SOURCE RECORDS Start Marker

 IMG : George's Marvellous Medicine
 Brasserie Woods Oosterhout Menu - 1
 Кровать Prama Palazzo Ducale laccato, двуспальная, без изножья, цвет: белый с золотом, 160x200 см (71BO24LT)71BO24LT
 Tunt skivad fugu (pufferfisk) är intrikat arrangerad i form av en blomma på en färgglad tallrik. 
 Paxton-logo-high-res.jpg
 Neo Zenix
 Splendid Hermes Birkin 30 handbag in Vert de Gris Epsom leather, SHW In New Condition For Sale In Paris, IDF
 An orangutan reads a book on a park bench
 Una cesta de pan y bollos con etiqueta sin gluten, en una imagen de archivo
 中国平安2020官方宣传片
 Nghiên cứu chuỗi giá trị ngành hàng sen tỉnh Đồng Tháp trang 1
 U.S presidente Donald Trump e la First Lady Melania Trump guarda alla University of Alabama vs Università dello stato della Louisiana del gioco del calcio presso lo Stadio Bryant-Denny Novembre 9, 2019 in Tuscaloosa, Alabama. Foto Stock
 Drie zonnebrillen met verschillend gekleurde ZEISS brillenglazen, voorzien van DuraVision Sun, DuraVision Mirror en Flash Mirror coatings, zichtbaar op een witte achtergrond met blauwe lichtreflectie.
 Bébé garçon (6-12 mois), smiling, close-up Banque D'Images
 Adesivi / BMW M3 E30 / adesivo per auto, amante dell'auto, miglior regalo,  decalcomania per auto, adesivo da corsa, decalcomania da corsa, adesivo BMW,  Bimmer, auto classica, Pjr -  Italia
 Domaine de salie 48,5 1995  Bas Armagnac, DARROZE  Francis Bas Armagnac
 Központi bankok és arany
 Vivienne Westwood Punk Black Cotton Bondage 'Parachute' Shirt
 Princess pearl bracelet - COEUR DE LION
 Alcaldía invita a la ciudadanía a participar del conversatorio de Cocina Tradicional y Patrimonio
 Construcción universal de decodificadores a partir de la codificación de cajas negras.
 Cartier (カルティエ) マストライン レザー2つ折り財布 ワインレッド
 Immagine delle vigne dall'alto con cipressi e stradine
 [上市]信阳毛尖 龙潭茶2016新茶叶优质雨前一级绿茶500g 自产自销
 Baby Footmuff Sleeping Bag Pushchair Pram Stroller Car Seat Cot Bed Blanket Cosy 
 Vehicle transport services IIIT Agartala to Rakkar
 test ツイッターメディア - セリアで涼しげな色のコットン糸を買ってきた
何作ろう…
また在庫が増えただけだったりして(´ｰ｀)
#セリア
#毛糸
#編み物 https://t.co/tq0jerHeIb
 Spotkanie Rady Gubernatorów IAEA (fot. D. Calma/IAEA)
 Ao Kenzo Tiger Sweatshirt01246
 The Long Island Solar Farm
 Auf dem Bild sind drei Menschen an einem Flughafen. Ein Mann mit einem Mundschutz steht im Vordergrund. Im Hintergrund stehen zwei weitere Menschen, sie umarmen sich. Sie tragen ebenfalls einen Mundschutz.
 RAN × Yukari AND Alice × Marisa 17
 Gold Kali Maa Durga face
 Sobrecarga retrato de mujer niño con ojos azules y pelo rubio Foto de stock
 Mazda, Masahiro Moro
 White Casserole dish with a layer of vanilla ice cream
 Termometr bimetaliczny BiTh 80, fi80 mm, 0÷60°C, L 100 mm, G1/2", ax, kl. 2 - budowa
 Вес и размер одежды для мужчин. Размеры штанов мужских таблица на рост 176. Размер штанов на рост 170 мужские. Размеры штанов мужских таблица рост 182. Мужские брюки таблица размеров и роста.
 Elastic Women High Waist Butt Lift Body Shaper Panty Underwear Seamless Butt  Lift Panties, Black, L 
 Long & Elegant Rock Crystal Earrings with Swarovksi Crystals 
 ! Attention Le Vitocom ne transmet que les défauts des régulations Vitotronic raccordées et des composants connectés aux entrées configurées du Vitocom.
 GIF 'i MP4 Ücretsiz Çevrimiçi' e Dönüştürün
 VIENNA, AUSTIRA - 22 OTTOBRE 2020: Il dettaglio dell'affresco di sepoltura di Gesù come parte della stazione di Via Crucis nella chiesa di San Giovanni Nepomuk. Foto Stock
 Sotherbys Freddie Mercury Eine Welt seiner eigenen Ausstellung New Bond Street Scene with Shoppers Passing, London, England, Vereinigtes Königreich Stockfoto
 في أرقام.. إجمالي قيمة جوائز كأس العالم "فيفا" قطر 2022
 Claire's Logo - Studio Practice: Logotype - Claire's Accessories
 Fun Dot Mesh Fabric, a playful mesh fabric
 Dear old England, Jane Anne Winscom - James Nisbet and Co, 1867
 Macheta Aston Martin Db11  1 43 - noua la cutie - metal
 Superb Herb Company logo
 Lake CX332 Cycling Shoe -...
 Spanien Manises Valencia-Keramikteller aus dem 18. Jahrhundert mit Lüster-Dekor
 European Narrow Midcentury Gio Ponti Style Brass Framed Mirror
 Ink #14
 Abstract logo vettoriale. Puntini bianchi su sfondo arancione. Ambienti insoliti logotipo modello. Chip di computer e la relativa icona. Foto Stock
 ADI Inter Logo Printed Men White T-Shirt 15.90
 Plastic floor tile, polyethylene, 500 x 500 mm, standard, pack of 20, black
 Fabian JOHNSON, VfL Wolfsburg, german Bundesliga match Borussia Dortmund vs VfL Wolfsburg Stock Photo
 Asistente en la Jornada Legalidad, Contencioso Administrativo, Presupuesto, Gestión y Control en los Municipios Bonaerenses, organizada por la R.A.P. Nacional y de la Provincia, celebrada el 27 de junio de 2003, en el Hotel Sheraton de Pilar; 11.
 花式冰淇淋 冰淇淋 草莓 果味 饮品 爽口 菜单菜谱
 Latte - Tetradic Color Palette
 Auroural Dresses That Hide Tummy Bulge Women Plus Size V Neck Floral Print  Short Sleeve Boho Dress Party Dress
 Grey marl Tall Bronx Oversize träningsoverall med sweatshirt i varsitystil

SOURCE RECORDS End Marker

**YOUR OBJECTIVE:**
Look back at the entries above and repeat, unchanged, every line from the line holding "Mazda, Masahiro Moro" through the line holding "Latte - Tetradic Color Palette".

**WRITTEN ANSWER:**
 Mazda, Masahiro Moro
 White Casserole dish with a layer of vanilla ice cream
 Termometr bimetaliczny BiTh 80, fi80 mm, 0÷60°C, L 100 mm, G1/2", ax, kl. 2 - budowa
 Вес и размер одежды для мужчин. Размеры штанов мужских таблица на рост 176. Размер штанов на рост 170 мужские. Размеры штанов мужских таблица рост 182. Мужские брюки таблица размеров и роста.
 Elastic Women High Waist Butt Lift Body Shaper Panty Underwear Seamless Butt  Lift Panties, Black, L 
 Long & Elegant Rock Crystal Earrings with Swarovksi Crystals 
 ! Attention Le Vitocom ne transmet que les défauts des régulations Vitotronic raccordées et des composants connectés aux entrées configurées du Vitocom.
 GIF 'i MP4 Ücretsiz Çevrimiçi' e Dönüştürün
 VIENNA, AUSTIRA - 22 OTTOBRE 2020: Il dettaglio dell'affresco di sepoltura di Gesù come parte della stazione di Via Crucis nella chiesa di San Giovanni Nepomuk. Foto Stock
 Sotherbys Freddie Mercury Eine Welt seiner eigenen Ausstellung New Bond Street Scene with Shoppers Passing, London, England, Vereinigtes Königreich Stockfoto
 في أرقام.. إجمالي قيمة جوائز كأس العالم "فيفا" قطر 2022
 Claire's Logo - Studio Practice: Logotype - Claire's Accessories
 Fun Dot Mesh Fabric, a playful mesh fabric
 Dear old England, Jane Anne Winscom - James Nisbet and Co, 1867
 Macheta Aston Martin Db11  1 43 - noua la cutie - metal
 Superb Herb Company logo
 Lake CX332 Cycling Shoe -...
 Spanien Manises Valencia-Keramikteller aus dem 18. Jahrhundert mit Lüster-Dekor
 European Narrow Midcentury Gio Ponti Style Brass Framed Mirror
 Ink #14
 Abstract logo vettoriale. Puntini bianchi su sfondo arancione. Ambienti insoliti logotipo modello. Chip di computer e la relativa icona. Foto Stock
 ADI Inter Logo Printed Men White T-Shirt 15.90
 Plastic floor tile, polyethylene, 500 x 500 mm, standard, pack of 20, black
 Fabian JOHNSON, VfL Wolfsburg, german Bundesliga match Borussia Dortmund vs VfL Wolfsburg Stock Photo
 Asistente en la Jornada Legalidad, Contencioso Administrativo, Presupuesto, Gestión y Control en los Municipios Bonaerenses, organizada por la R.A.P. Nacional y de la Provincia, celebrada el 27 de junio de 2003, en el Hotel Sheraton de Pilar; 11.
 花式冰淇淋 冰淇淋 草莓 果味 饮品 爽口 菜单菜谱
 Latte - Tetradic Color Palette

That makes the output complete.